In embodiments, the disclosure provides variations of a T4 DNA polymerase/Cas9 system referred to as “CasPlus.” The variations of the CasPlus system are referred to herein as CasPlus-V1, which comprises among other described components a combination of Cas9-WT and T4-WT. The Cas9 and the described variants refer to the amino acid sequence of Cas9 produced by Streptococcus pyogenes (“SpCas9”). CasPlus-V2 comprises among other described components a combination of Cas9-WT and T4-D219A. CasPlus-V3 and V4 comprises among other described components combinations of Cas9 variants as further described herein and either T4-WT or T4-D219A, respectively. T4 DNA polymerases described herein are MS2-targeted. CasPlus-V3 and V4 may comprise subcategories based on the Cas9 variant that is used. Cas9 variants F916P, F916del, R919P and Q920P are referred to herein as V3.1, V3.2. V3.3 and V3.4, respectively, in CasPlus-V3. For CasPlus-V4, the described Cas9 variants are described as V4.1, V4.2, V4.3 and V4.4, respectively. “F916del” means a deletion of the F residue at position 916. The described Cas9 variants may also be used in a composition, method, and system of the disclosure with an RB69 DNA polymerase, wherein the RB69 polymerase optionally comprises a mutation of D222, and wherein the mutation is optionally D222A.

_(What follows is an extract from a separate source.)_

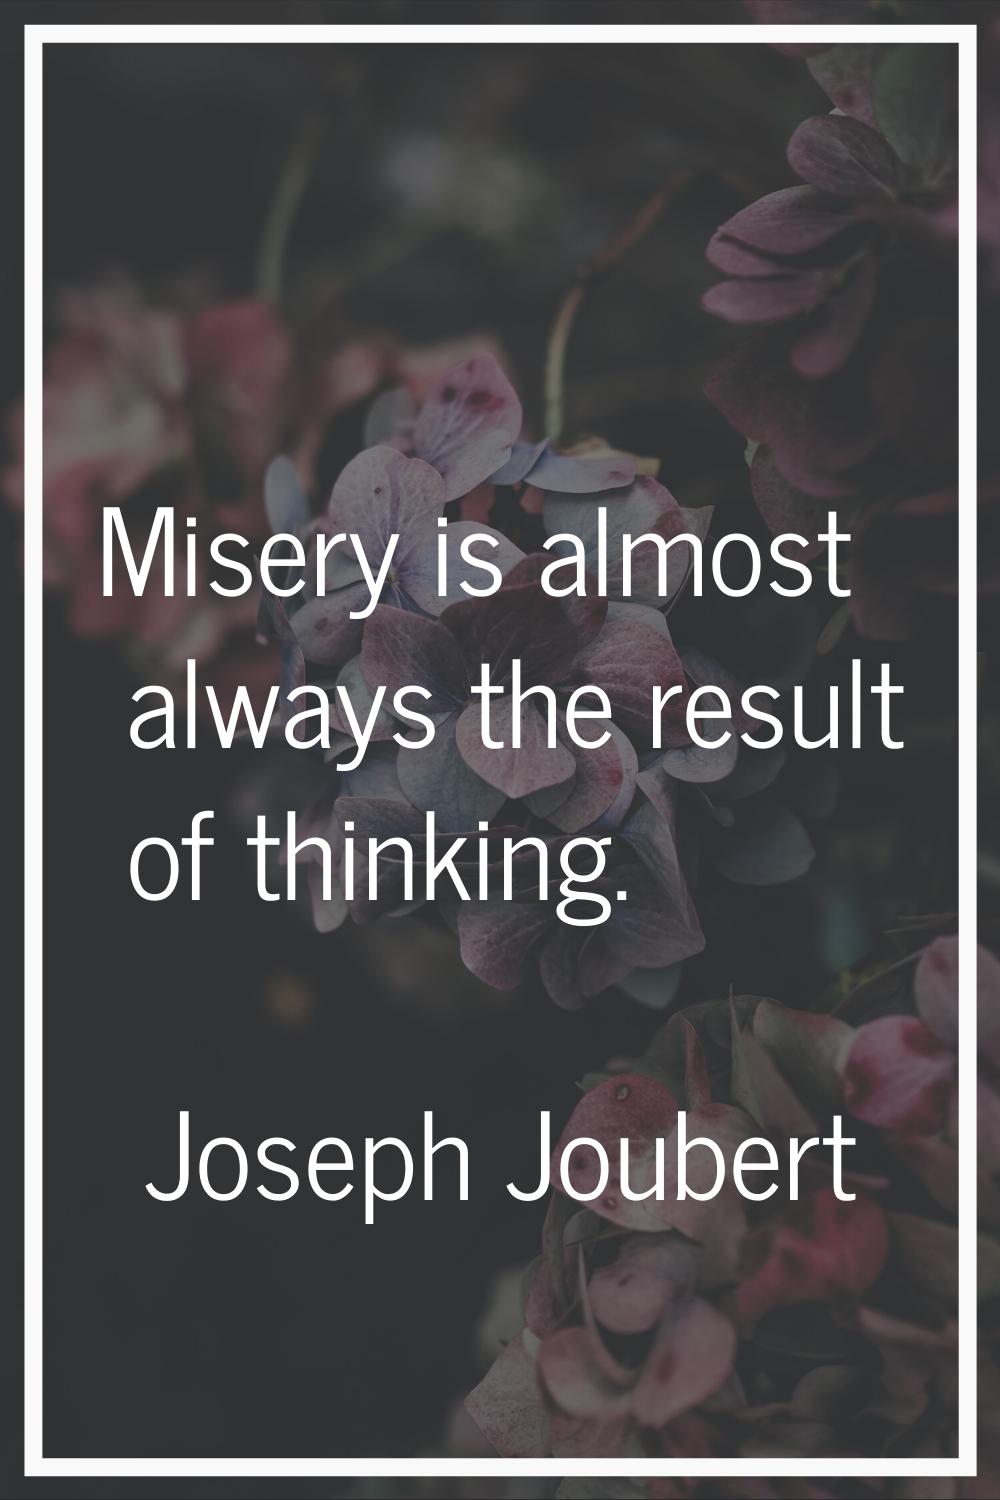 Misery is almost always the result of thinking.

As illustrated by the Examples and figures, the described systems are used to precisely model and correct mutations by producing predictable indels formed following Cas9 cleavage. The system creates indels in a DNA repair template free manner. The described systems have improved properties relative to other gene editing systems in that CasPlus editing in comparison to standard Cas9 editing is they reduce unwanted changes to on-target and off-target sites, such as large deletions, translocations, and other chromosomal rearrangements. In embodiments, the described systems and methods reduce microhomology-mediated end-joining. Instead, in embodiments, the indel is produced via non-homologous end joining (NHEJ) which is at least in part facilitated by a described T4 DNA polymerase that is a component of the system.

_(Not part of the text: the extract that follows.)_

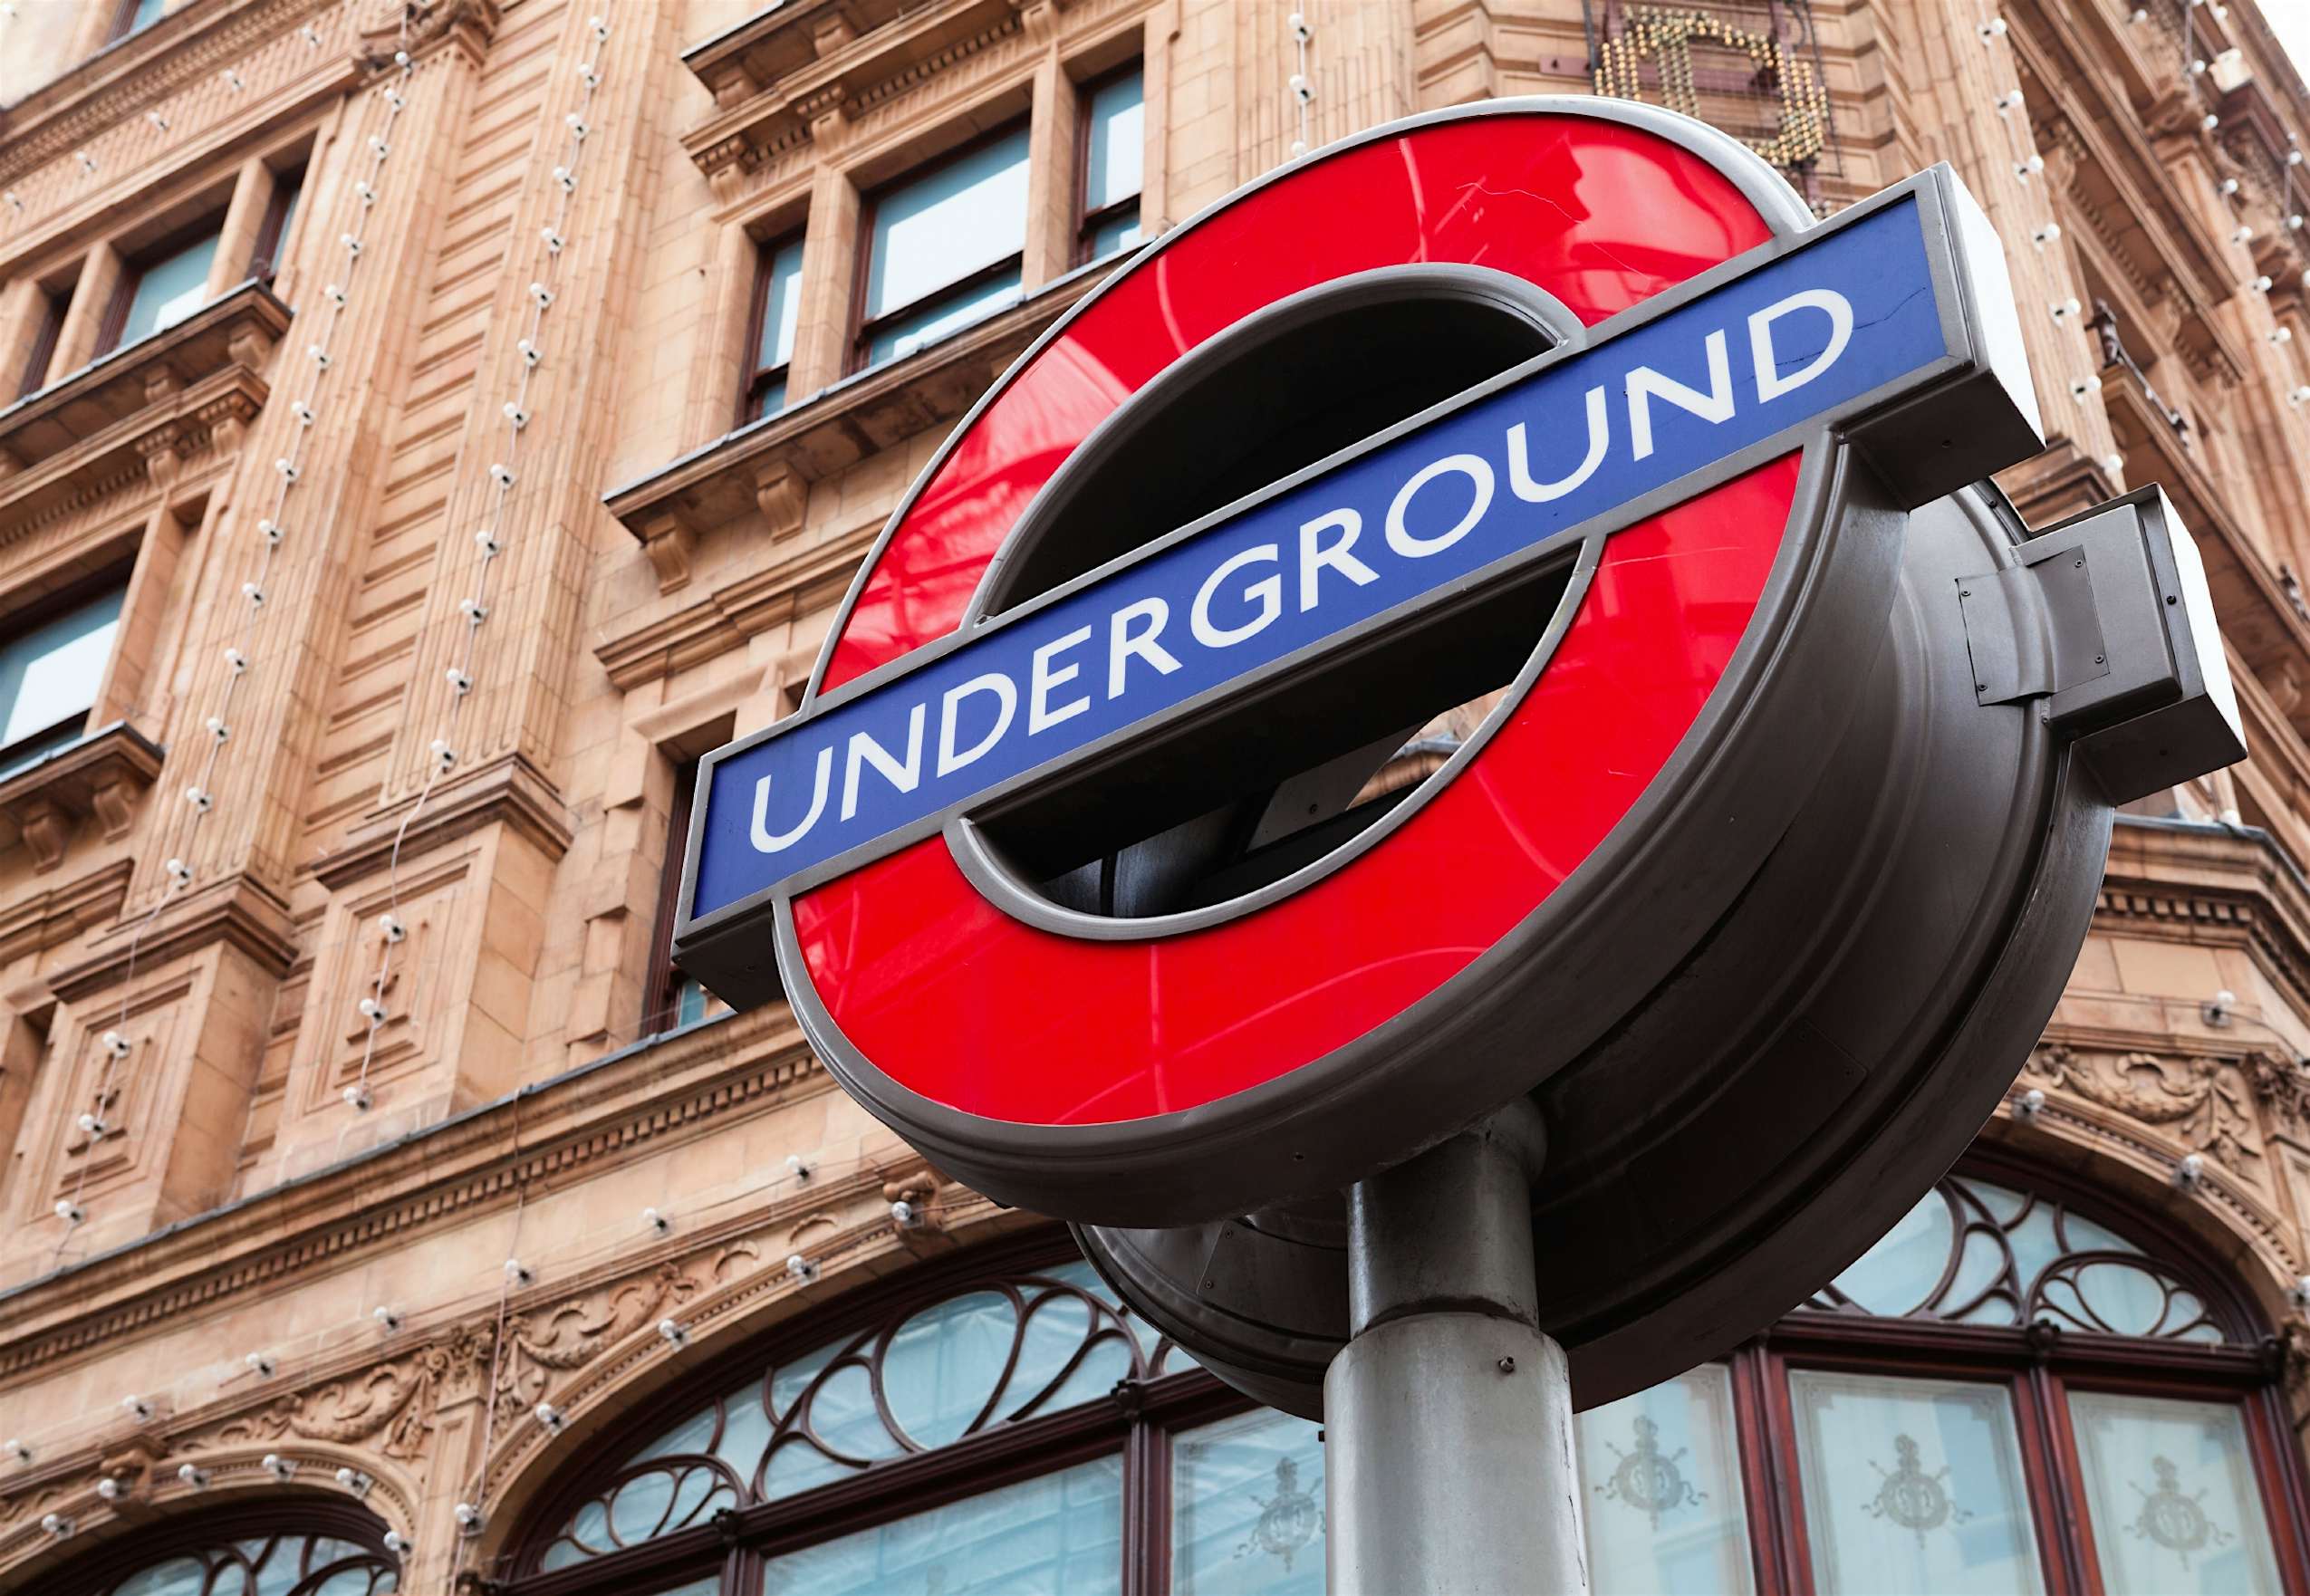 the-london-underground-s-logo-is-getting-a-new-look

By designing the described CasPlus system and described variants with an enhanced probability of generating preferred indels, the disclosure includes generation of isogenic patient cells with greater efficiency as compared to traditional homology directed repair (HDR) methods. The presently provided results demonstrate the utility of CasPlus system and its variants with designed gRNAs for traits beyond cleavage efficiency and gene specificity and the capacity to harness predictable indel formation for modeling and correction of a wide-range of indel-based diseases. Thus, the present disclosure provides compositions and methods for producing precise insertion and/or deletions in a guide RNA targeted segment of a chromosome. Accordingly, the disclosure in certain embodiments is used to produce indels. Indels comprise an insertion or deletion of 1, 2, 3, 4, or 5, nucleotides, with concomitant changes on the complementary strand, thus resulting in an insertion or deletion of 1-10 base pairs (bp), inclusive. The indel may comprise any desired change by using one or more suitable guide RNAs in conjunction with the protein complexes as further described herein.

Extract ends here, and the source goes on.